These moves strengthen the external muscles involved in pelvic floor health, helping you get more from your Kegels.

Ever since you heard that Kegels—pelvic floor strengthening exercises named after the doc who created them—can improve bladder control and orgasms, you’ve been doing them every day. But the thing is, you haven’t noticed a difference. So what’s going on, exactly?
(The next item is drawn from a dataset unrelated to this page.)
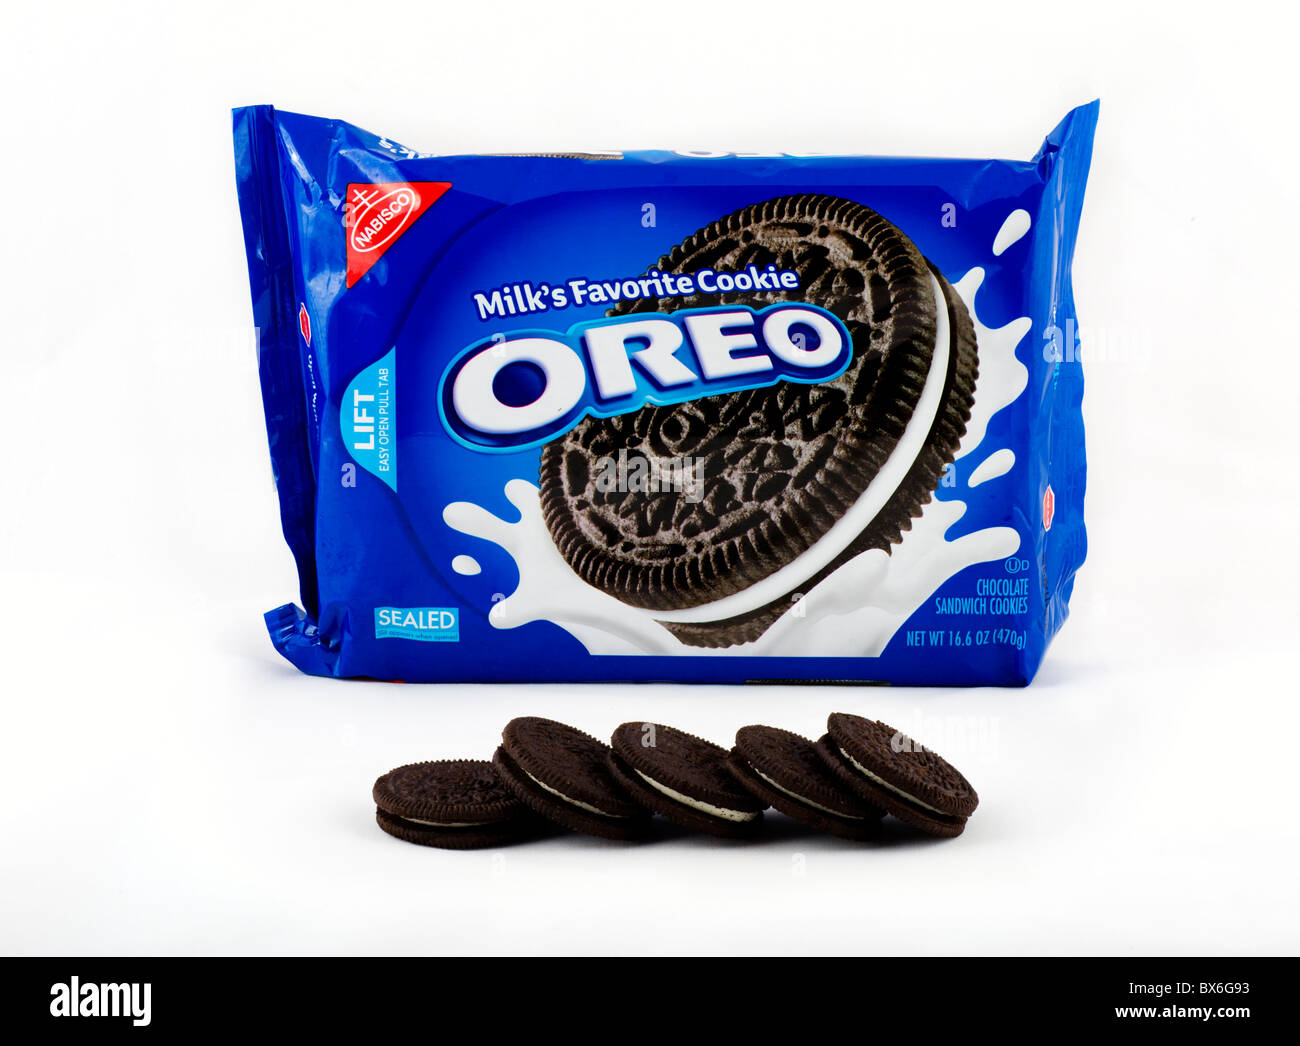 Packet of Oreo Cookies, USA Stock Photo

Does it mean you’re not doing them correctly?

According to Karly Treacy, a yoga teacher and pelvic floor specialist, the issue is likely that you’re focusing too much on the muscles inside your pelvis—and neglecting the ones outside.

“When you look at the pelvic floor, it’s a matrix of muscles connecting your two sit bones, as well as your pubic bone and tailbone,” says Treacy. “Over time—and due to things like pregnancy, sitting too much and obesity—those muscles stretch out and lose their tone.” What’s more, the joints on either side of your spine, which are held together by connective tissue, get lax, which can actually widen the space between your sit bones by up to an inch. This makes it challenging to tone the pelvic floor muscles even if you’re a Kegel devotee, says Treacy.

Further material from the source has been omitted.